Still angry about his arrest a week later, Prentice confronted Wells outside Central Precinct along with his girlfriend, Susannah Thiel, on Wednesday night, June 20.

"Richard asked the officer why he'd arrested him," says Thiel. "And the officer said he wasn't allowed to put things up on public buildings. Richard said he'd only been arrested after taking the poster down."

"Officer Wells told Richard he could make the decision to arrest him any time he wanted," Thiel continues. "And when he asked whether it was normal procedure for Officers Nice and Humphreys to come in the cell, Wells told him, 'They wanted to look at the person who was putting up slanderous flyers about them.'"

Attorney Benjamin Haile, of law firm Haile Greenwald, is considering taking on Prentice's case. "This is a really startling violation of his rights, based on everything he has told me," Haile says. The officers' alleged actions appear to violate Prentice's First and Fourth Amendment rights to free speech and against unreasonable seizure, according to Haile.
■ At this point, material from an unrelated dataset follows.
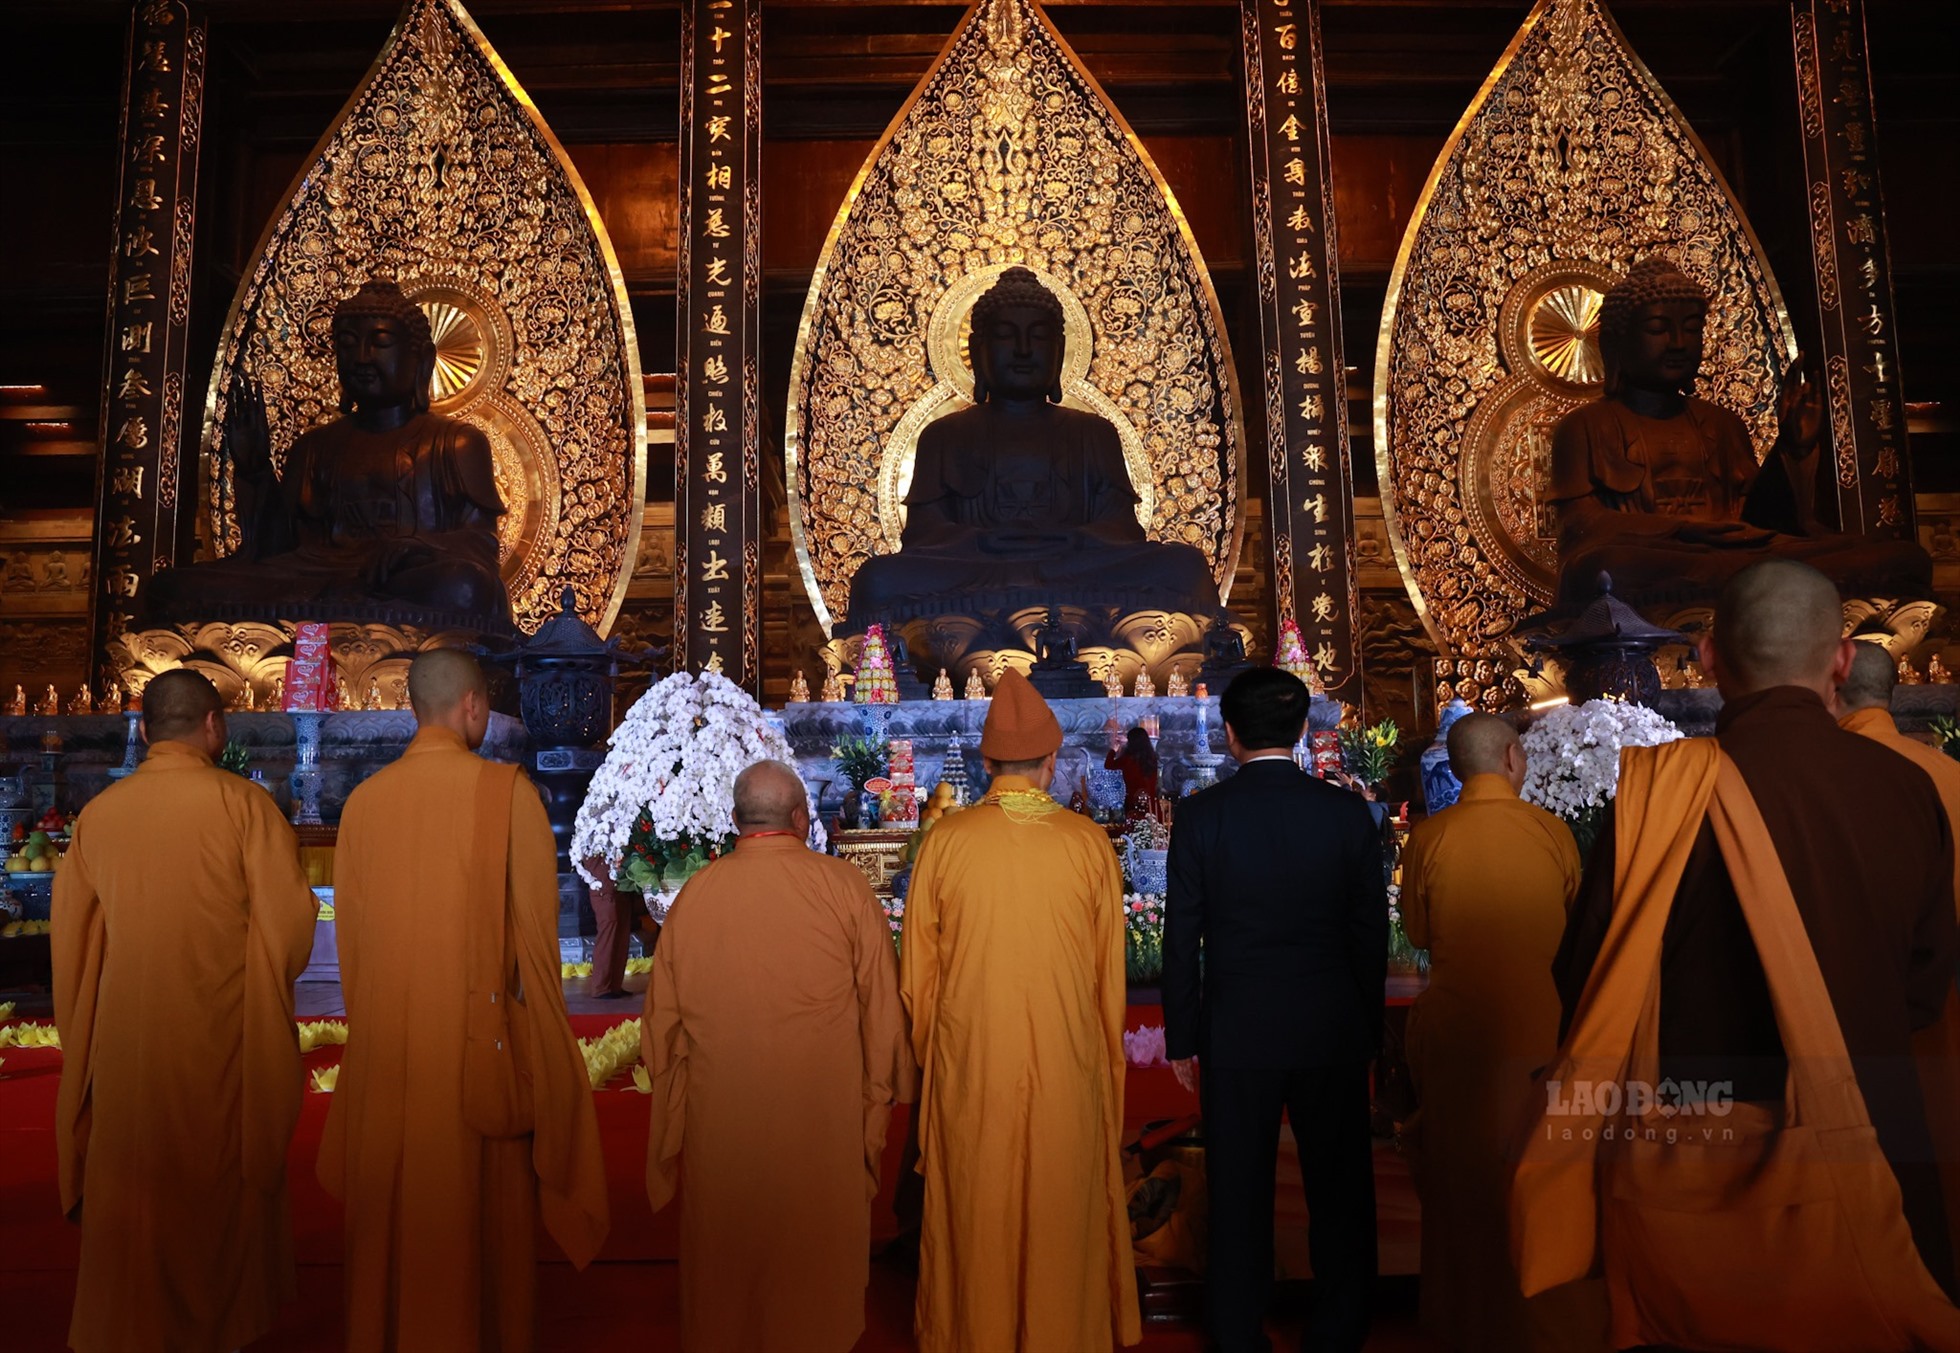 Chương trình Khai hội Xuân Tam Chúc Quý Mão được truyền hình trực tiếp trên sóng VTV2, phản ánh đầy đủ, sinh động tất cả các hoạt động của lễ hội tại chùa.
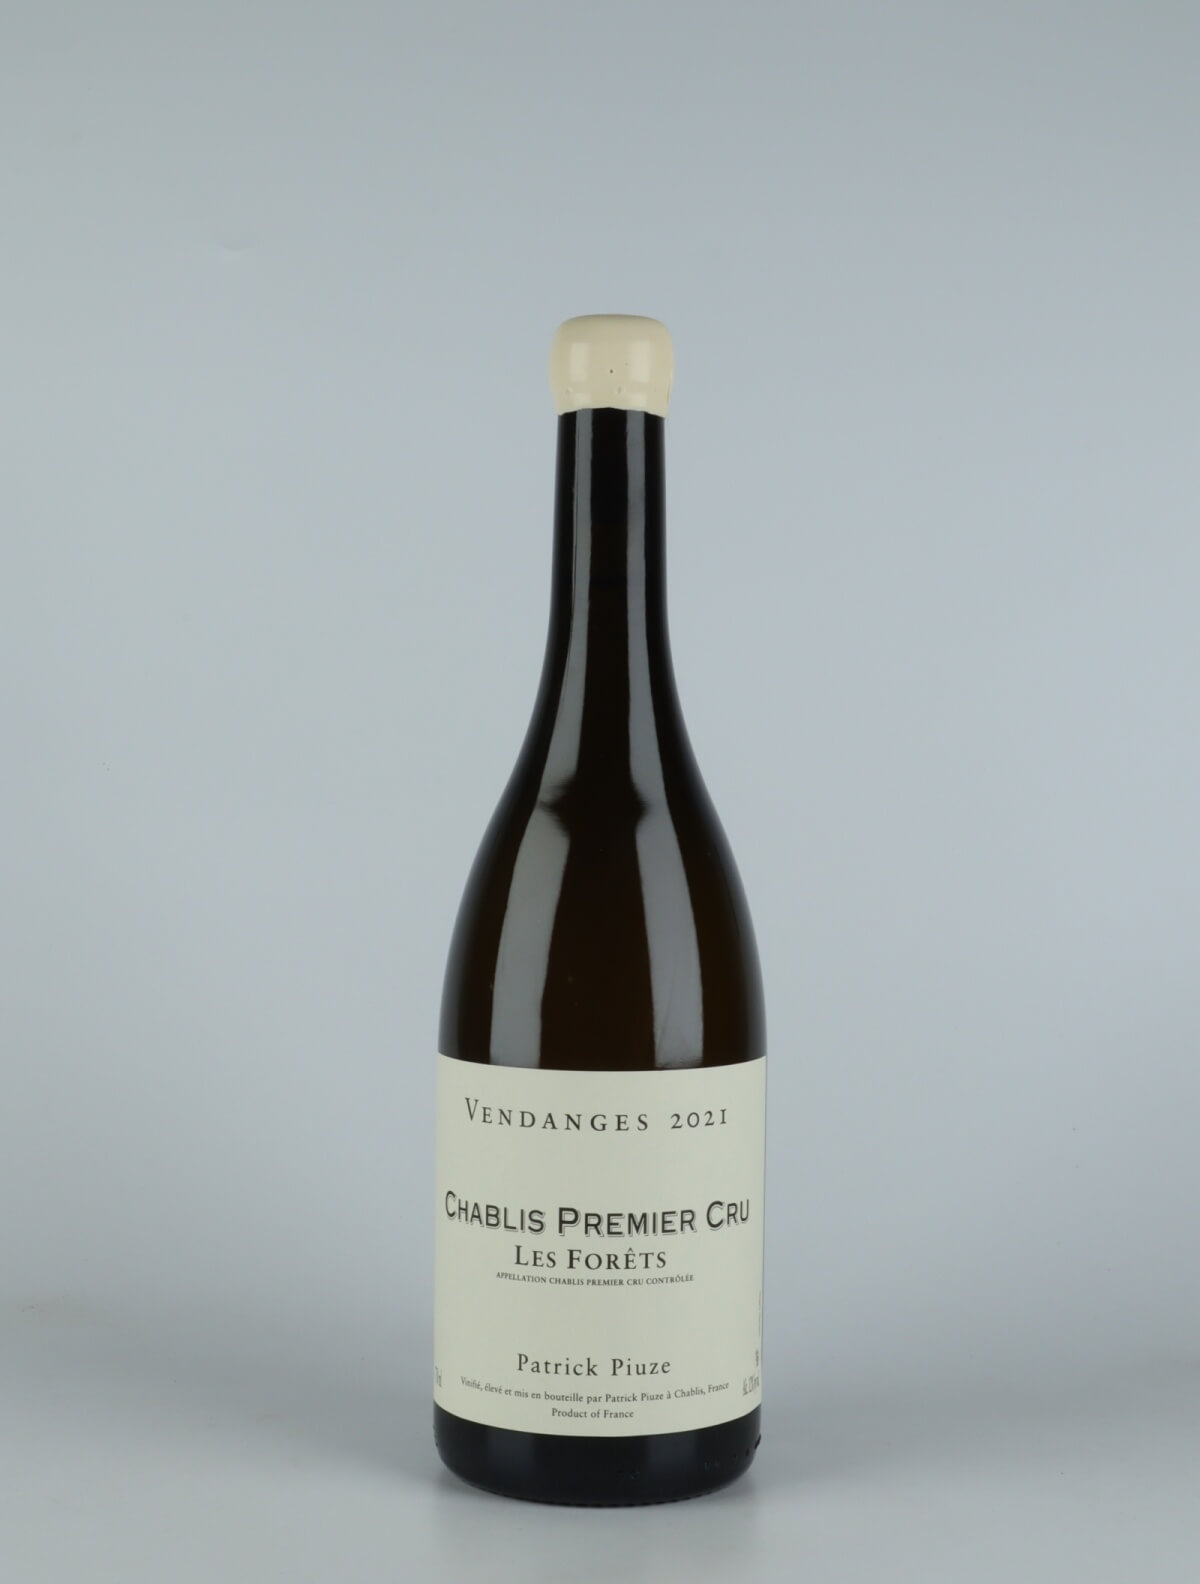 En flaske 2021 Chablis 1. Cru - Les Forêts Hvidvin fra Patrick Piuze, Bourgogne i Frankrig

Meanwhile, Copwatch's Dan Handelman pointed to five Portland Police Bureau directives—on professional conduct, retaliation, courtesy, disparate treatment, and misuse of official position—that the officers may have violated.

The mayor's office has known about Prentice's complaint since at least June 20, based on an email sent by the mayor's public safety policy manager, Maria Rubio, to Assistant Police Chief Lynnae Berg.

Rubio says the mayor is going to wait until the IPR process is done before commenting publicly.

Prentice—a 200-pound former linebacker, now studying geography at PSU—has a history with the Police Bureau and the Independent Police Review (IPR). In September 2006, he filed an IPR complaint and a tort claim alleging he had been severely beaten that March in North Precinct by several police officers and Multnomah County sheriff's deputies. The officers were exonerated by the IPR; meanwhile, the tort claim was rejected by the city's senior claims analyst, Becky Chiao, who wrote that Prentice "was intoxicated that evening" and that his memory was impaired.

Prentice says that experience is what led him to make the posters in the first place. "When I heard about the Chasse case, I kept thinking that could have been me," says Prentice. "I thought I'd use my First Amendment right to free speech."

Police spokesperson Brian Schmautz says Prentice was arrested and detained between 8:38pm and 9:21pm on the night in question.